Main effects play an important role in whether a ground-truth SNP is detected at low false positive SNP counts

Another notable finding is that the main effects of the interacting SNPs affect their likelihood of being detected at low false positive SNP counts by most methods. For interaction models with very weak marginal effects (models 1 and 5), all the methods have low power (see Figure 4(b) and 4(f)). Although some methods (e.g. SH) emphasize the detection of interactions with weak marginal effects, their results on these models are very modest. Heuristic search strategies used by the methods count on at least one SNP in the interaction having a relatively strong effect; this explains why model 1, without strong main effects, is difficult to detect. Moreover, the huge search space for 5-way interactions makes it easy for heuristic search strategies to miss model 5.

For the same interaction model, different levels of power are achieved by the eight methods

For each interaction model, the power varies across methods because of the quite different detection principles applied by the methods. For example, IG and LRIT, which are based on pairwise SNP statistics, can detect 2-way interaction effects well (see models 2 and 4, where model 4 can be considered as two overlapped 2-way interactions), but IG and LRIT gets poorer results for higher-order models. For the difficult 5-way interaction, only MECPM gave promising results.

Power on the whole ground-truth SNP set - MECPM performs the best, while MDR performs the worst

From Figure 4(a), MECPM achieves the best performance; BEAM, SH, FIM, LR, LRIT and IG have similar and moderate performance; MDR performs the worst, among the eight methods we tested. From Figure 6, SH outperforms BEAM and FIM for weaker effects (i.e., for discounted penetrance values and MAF). Here we briefly discuss how these performance differences are a product of the different methodologies employed.

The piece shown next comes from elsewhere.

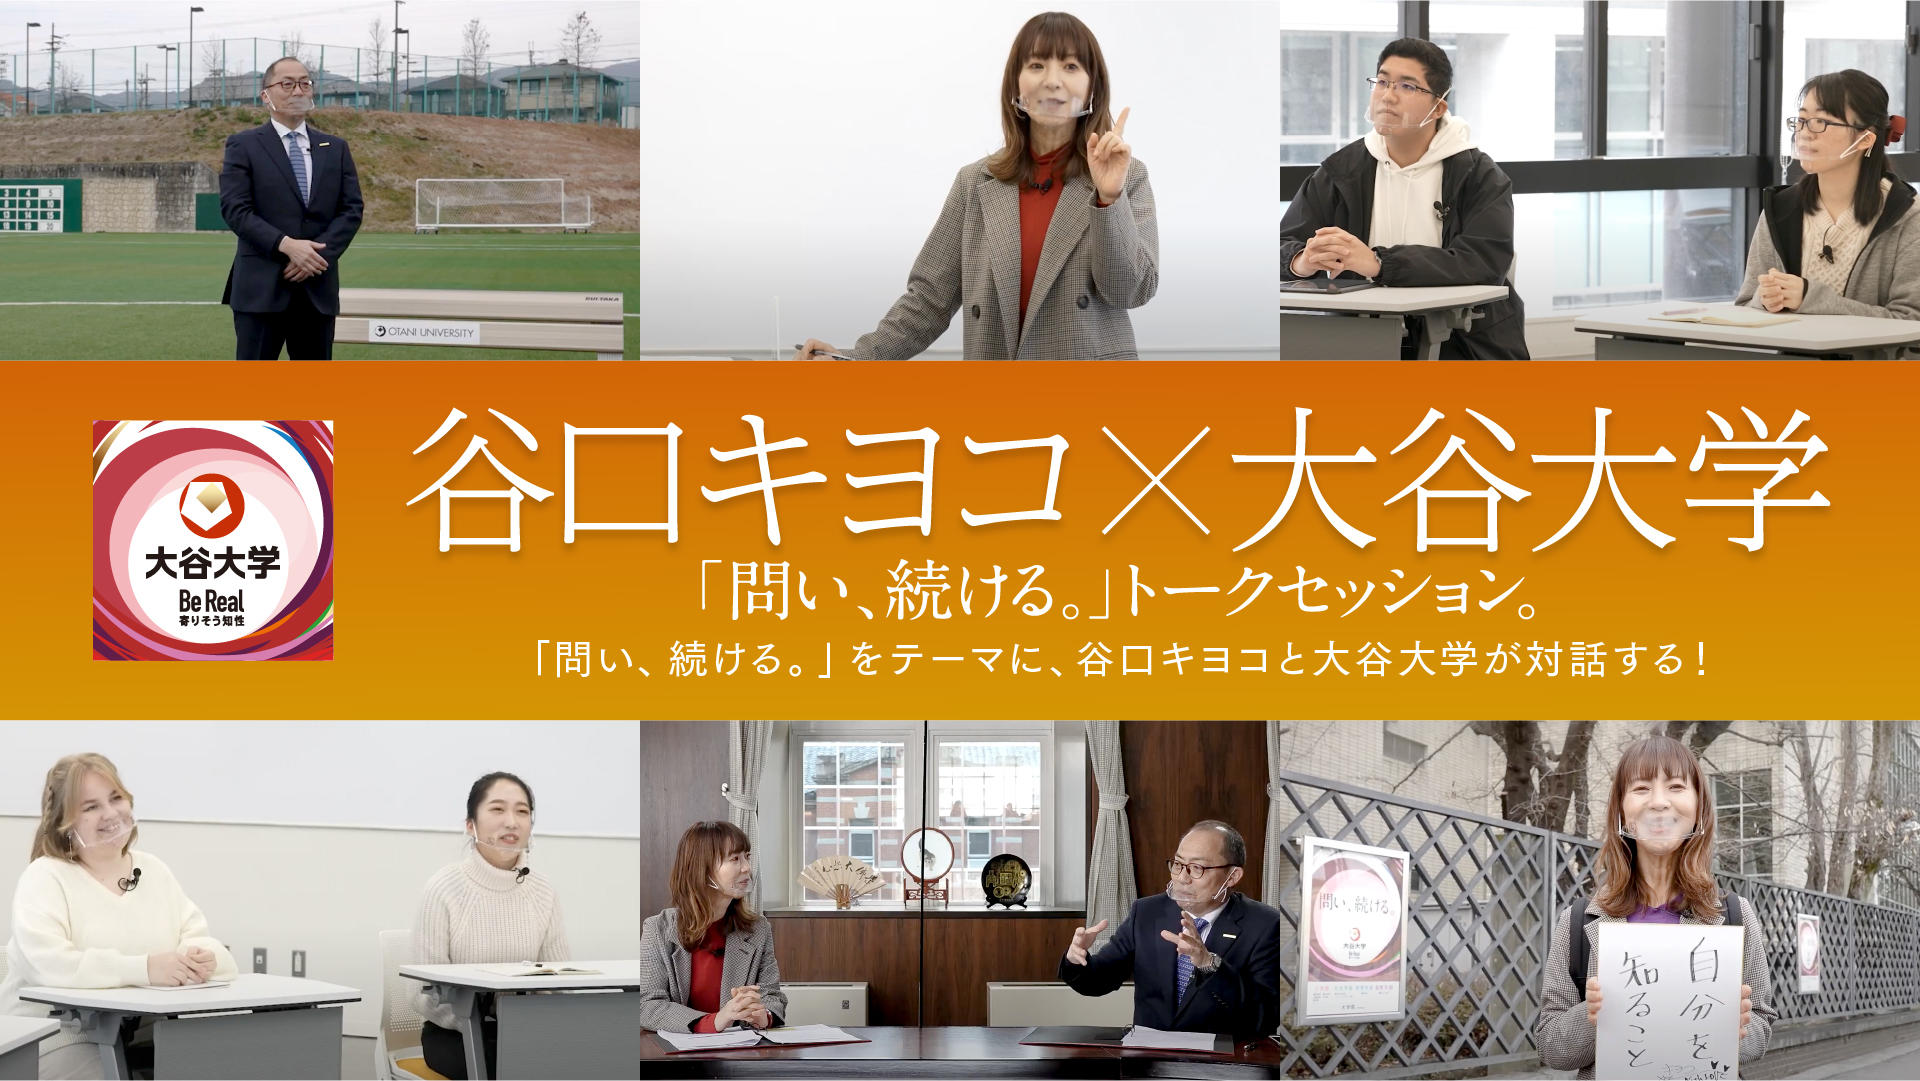 大谷大学が「関西ラジオDJ界の女王」谷口キヨコ氏とコラボした動画を制作 -- 学生とのトークや学長との対談を特設サイト「問い、続ける。」で公開

Power may be degraded by an insufficiently sensitive ranking criterion, by the heuristic search strategy used, or by a suboptimal output design of a method. The high computational complexity of MDR necessitates using its heuristic search option to keep the running time/memory usage in a reasonable range. This heuristic search forces a significantly reduced search space, and hence the performance of MDR is expected to be degraded.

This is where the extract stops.